Do’s and don’ts for family interactions

Admitting a patient to the ICU and managing them in the days that follow? No problem. But along with patients (often intubated, sedated, delirious, or otherwise unable to advocate for themselves) come their family and friends.

Managing them is an art in itself. Here are some basic rules to help steer you away from the most treacherous pitfalls.

Do choose your words with great caution

This is just another shift for you; for them, it may be the worst day of their life. The smallest error in word choice or inflection, the slightest unintended implication, may be something they will remember forever. I am a notoriously casual person, but even I slow down and gather myself before addressing family members, making sure I am rendering exactly the right impression about the patient’s condition, and exactly the right impression about our care.

Do explain early and often the overall trajectory of critical illness.

When a loved one is admitted to the ICU, it’s often the first encounter they have with illness of this severity, and they lack an internal model to establish basic expectations for the days or weeks to come. Emphasize that people “get sick quickly, but get better slowly,” and that complications and setbacks are expected along the way. This sets the stage for the admission and reduces the risk of misunderstandings.

Don’t minimize the disease

When describing the patient’s status or prognosis, always err on the side of acuity. Families are looking for every opportunity for optimism, and anything you tell them will be “upgraded” several notches by rose-colored glasses. Moreover, even though you may not be impressed by the severity of disease, it is certainly impressive to them. You want to under-promise and over-deliver: if things go better than you predicted, great; if they go worse, they will never forgive you. (Of course, if you are unreasonably dark, they’ll think you’re enjoying their misfortune.) Adopt a gently pessimistic realism. When asked how a patient is doing, don’t mention the daily perturbations, especially the small improvements that can wax and wane; if they remain critically ill in the larger sense, emphasize that instead.

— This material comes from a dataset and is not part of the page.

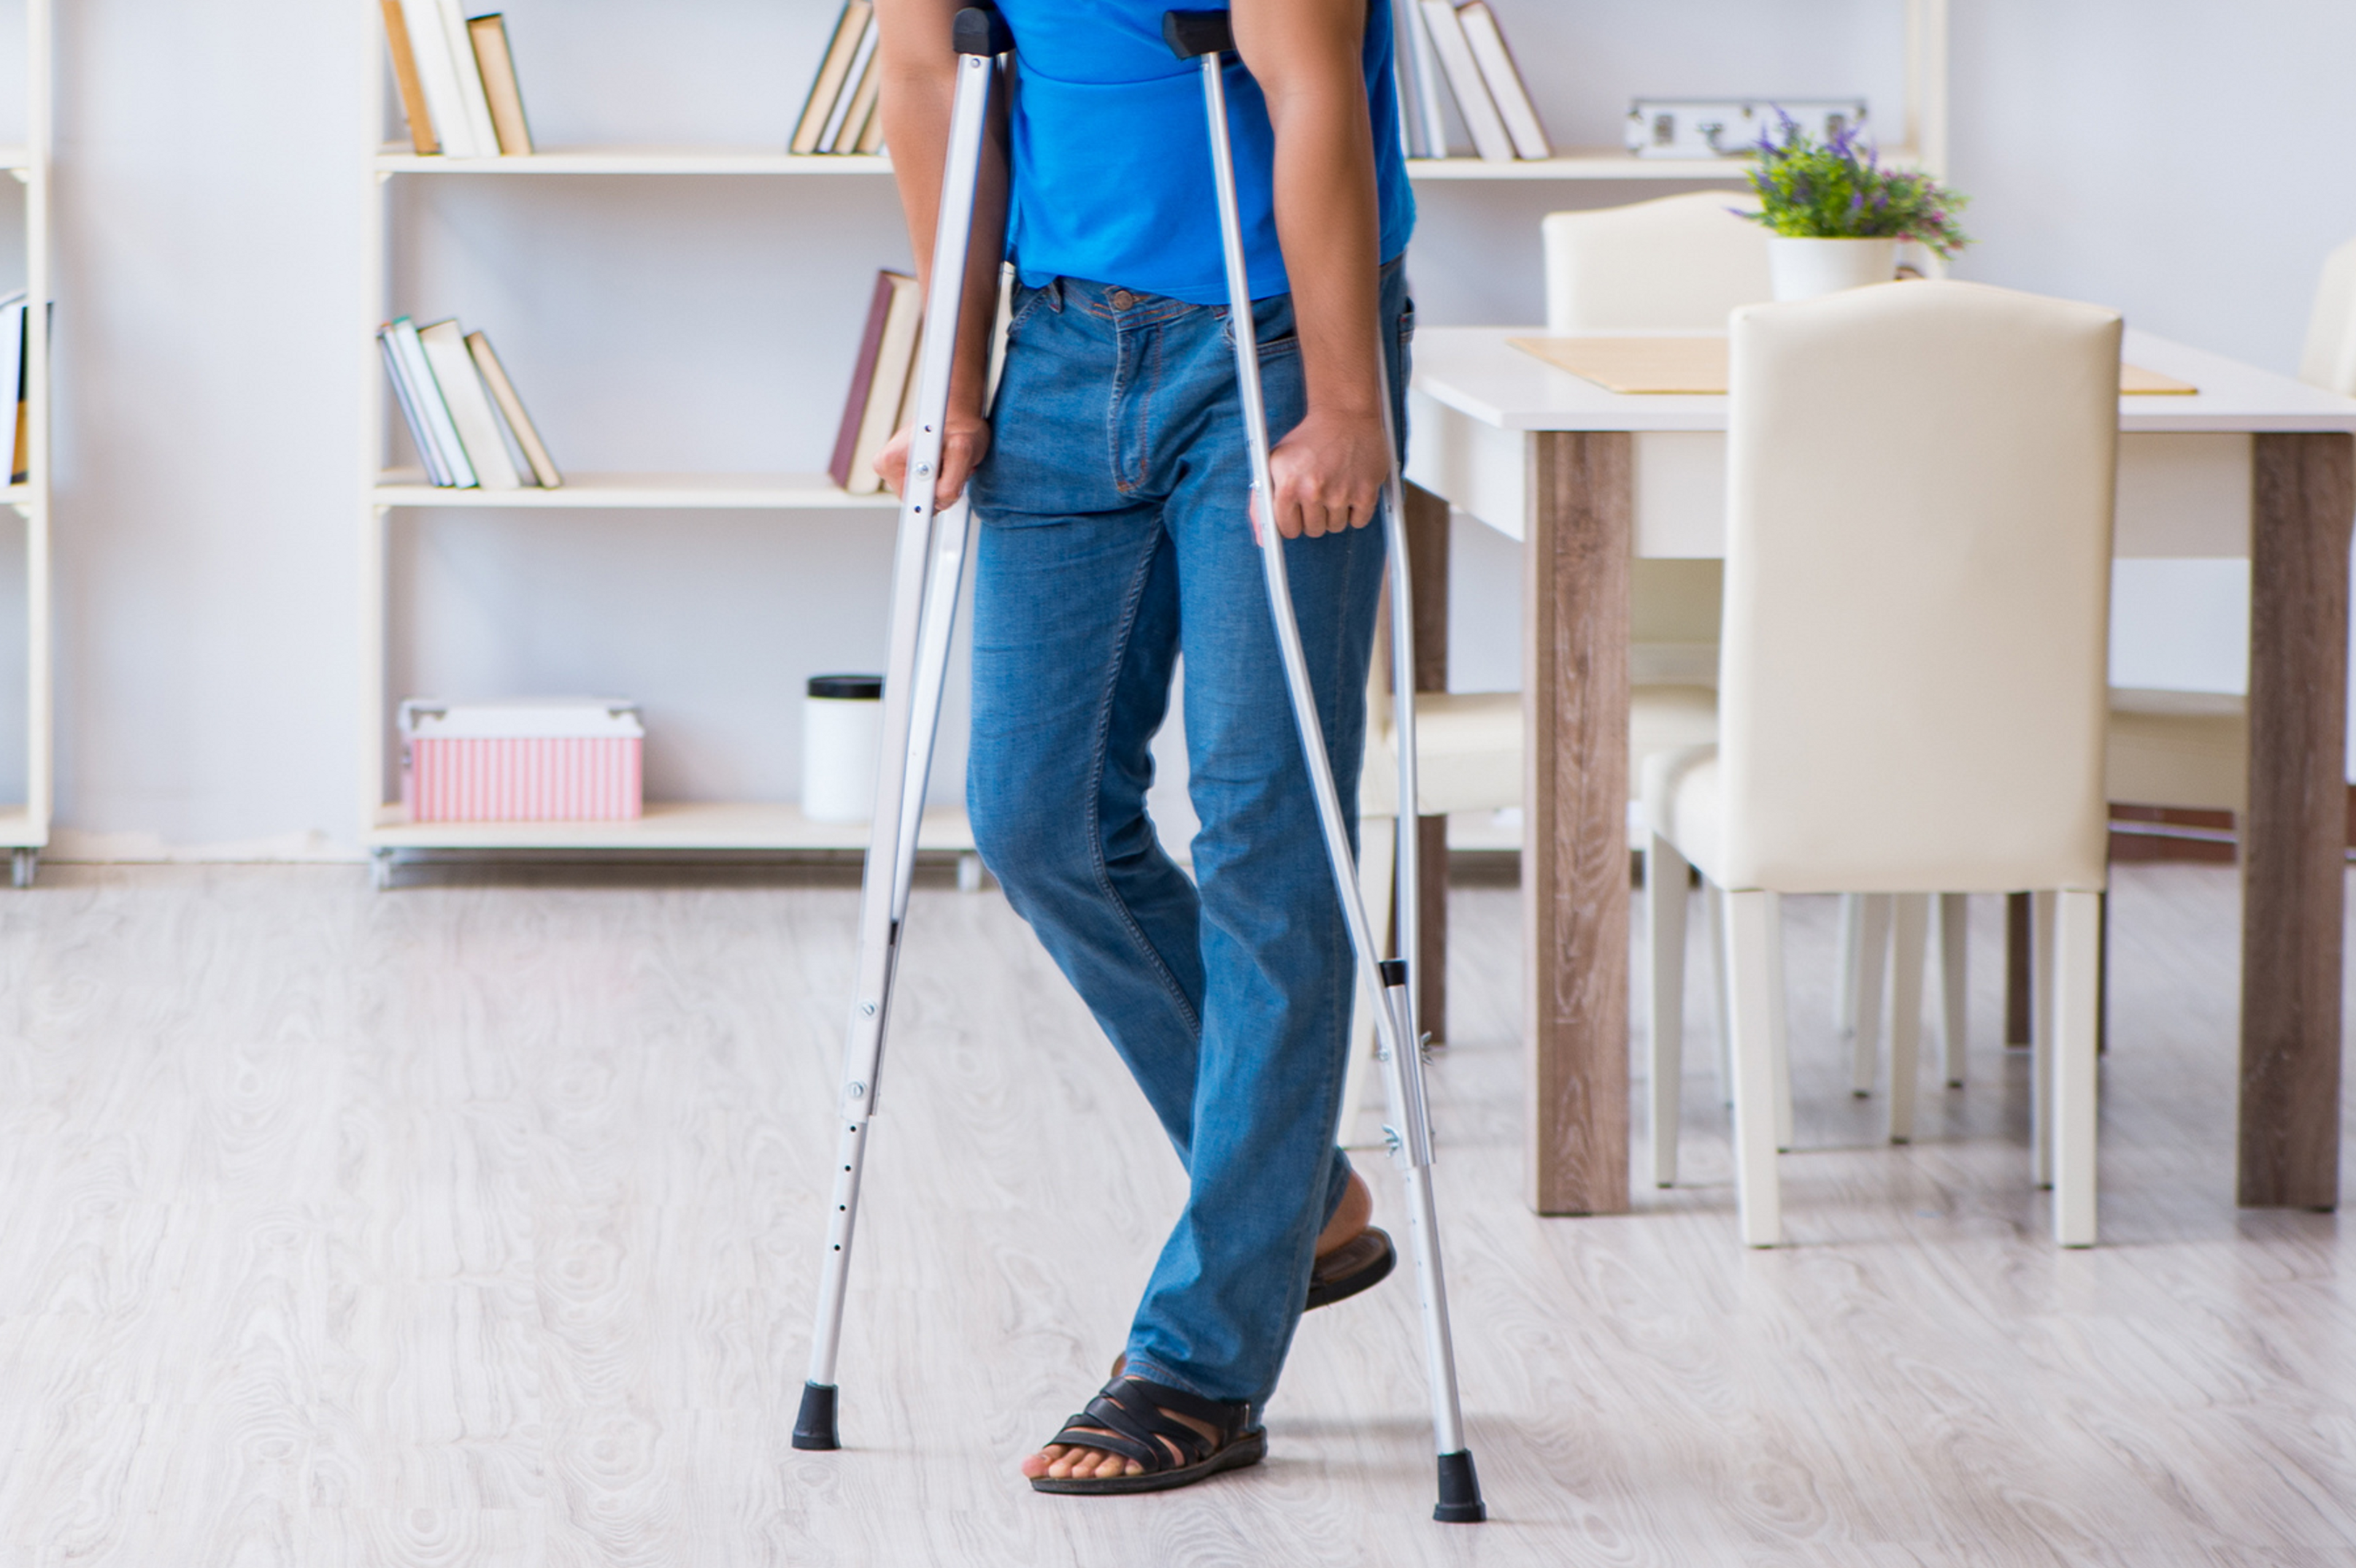 Severe calf strains may require crutches to allow recovery.

Do identify a point of contact early

Family dynamics can be complex, and some patients may come with seemingly hundreds of siblings, half-cousins, and vague friends of the family, all with decades of love and hate entanglements that you don’t want to have to navigate. At the time of admission, determine a single person to whom your future communications will be directed. They can then disseminate that information to whomever they like; if “Cousin Joey” calls the unit looking for updates, you can simply direct them to the contact person. Usually, this person should also be the legal decision-maker, but occasionally the decision-maker (e.g. an elderly spouse) will ask you to communicate mostly with another person, such as a younger sibling. That’s fine too.

Do talk to family early and often

Depending on how busy you tend to be, and how available family makes themselves (i.e. visiting daily versus requiring several phone calls to track down), this may be difficult. However, there is no question that families are more responsive and understanding when they are kept regularly in the loop with frequent, timely updates. What doesn’t work is ignoring them for two weeks, then gathering them into a room to tell them their loved one is going to die and you’d like to transition to comfort care.

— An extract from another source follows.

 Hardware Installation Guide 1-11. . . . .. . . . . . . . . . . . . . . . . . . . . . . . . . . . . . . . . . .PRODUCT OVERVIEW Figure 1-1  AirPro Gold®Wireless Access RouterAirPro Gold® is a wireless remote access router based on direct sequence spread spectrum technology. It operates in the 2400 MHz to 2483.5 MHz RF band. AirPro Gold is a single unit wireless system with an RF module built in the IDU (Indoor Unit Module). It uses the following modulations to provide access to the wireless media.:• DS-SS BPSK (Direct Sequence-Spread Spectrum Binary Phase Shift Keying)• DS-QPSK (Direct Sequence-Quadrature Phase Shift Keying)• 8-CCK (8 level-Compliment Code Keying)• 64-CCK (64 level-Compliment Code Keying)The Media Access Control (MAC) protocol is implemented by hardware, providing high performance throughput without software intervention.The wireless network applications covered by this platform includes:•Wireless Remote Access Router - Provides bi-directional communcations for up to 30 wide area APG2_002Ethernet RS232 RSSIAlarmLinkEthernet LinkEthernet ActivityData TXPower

Don’t forget the part of the patient that lives outside the ICU

While we tend to reduce people into a disjointed collection of systems and diagnoses once they hit our doors, how we manage their problems may radically differ depending on the person they were (and hope to become again) and the life they lived before (and to which they hopefully can return). This doesn’t mean a cursory inquiry about code status on admission. It means actually delving into their quality of life and where they fall upon the curve of their chronic diseases. It means considering their living situation, employment status, socioeconomic milieu, and family support. You will poo-poo this as “somebody else’s job,” such as that of internal medicine or palliative care, until a better provider comes along and catches the TB diagnosis in a patient you didn’t realize was homeless, or has a patient admitted to hospice rather than to the ICU.

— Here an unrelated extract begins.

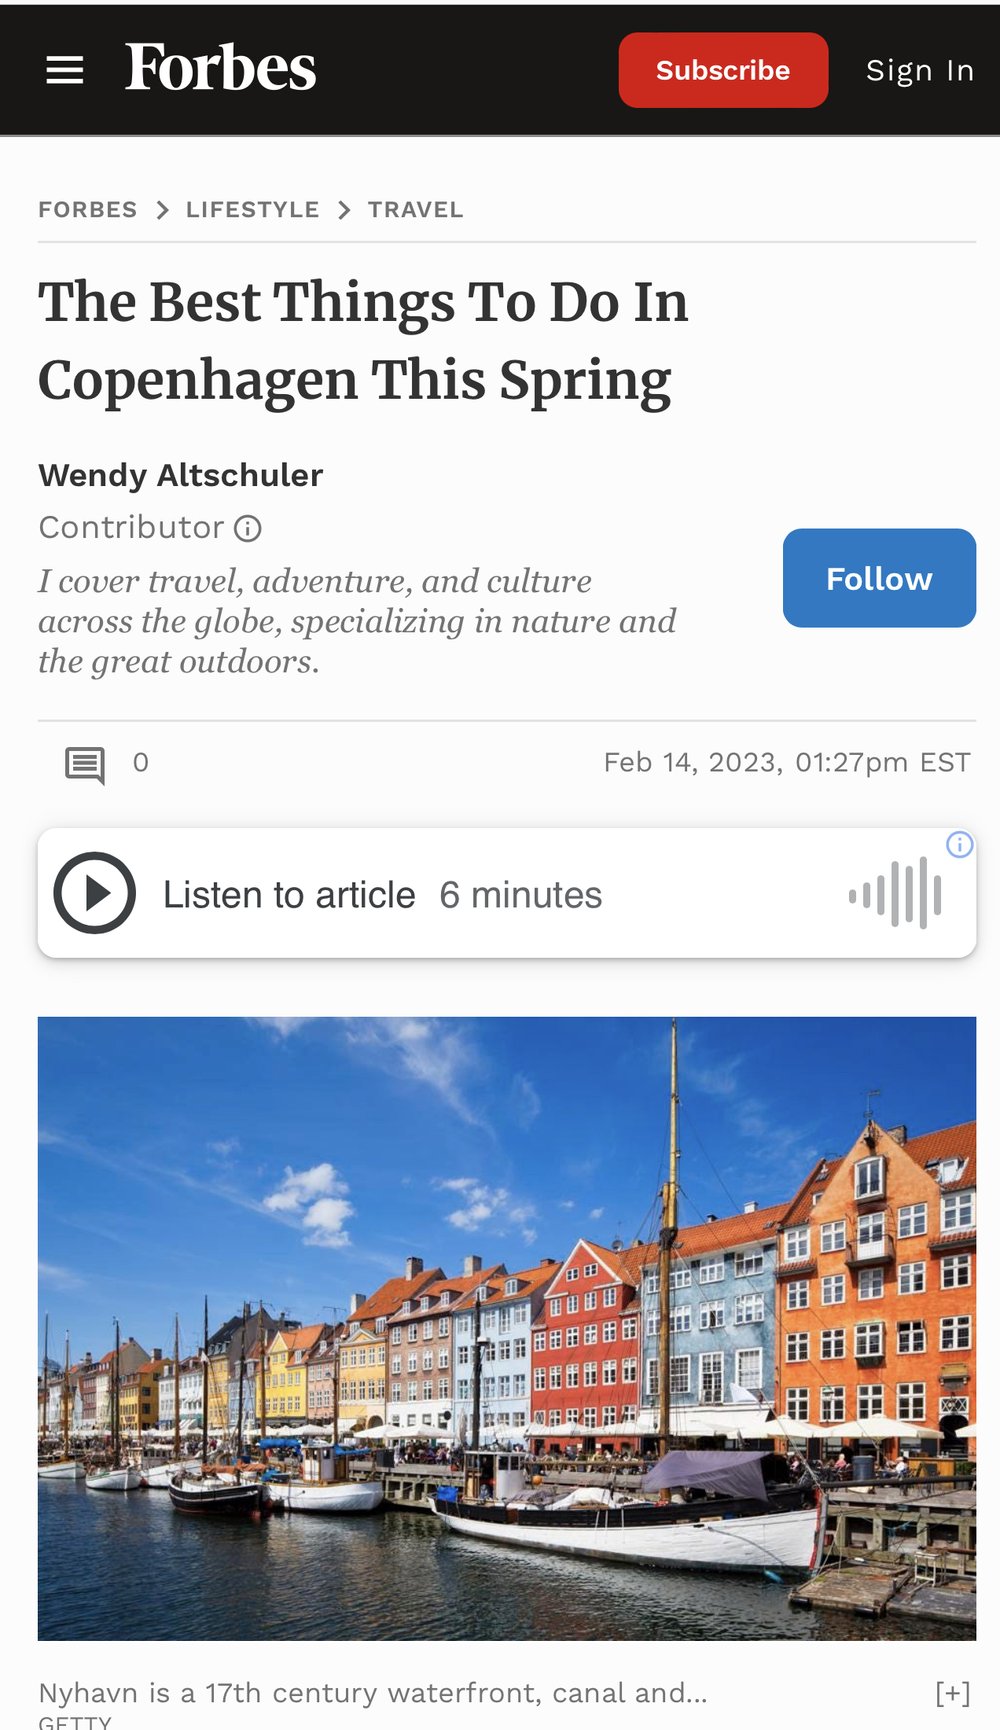 The Best Things To Do In Copenhagen This Spring

Do coordinate, integrate, and explain the patient’s care

Whether your unit is “open” or “closed,” the business of coordination of care for ICU patients typically falls to the critical care team. Just like a primary care provider outside the hospital, you are the one who sees the whole picture, and who remains at the bedside when all the consultants have left. There may be a dozen services following the patient, popping in to make confusing remarks or recommendations and then disappearing. Families need you to explain what it all means and put it into context. Few of these other teams are going to be interested in making this final connecting step; they tend to see their job as laying out “options” like a buffet meal. Your job is to bring them to the patient, explain them, help them to understand, and then help them reach good decisions when they need to be made.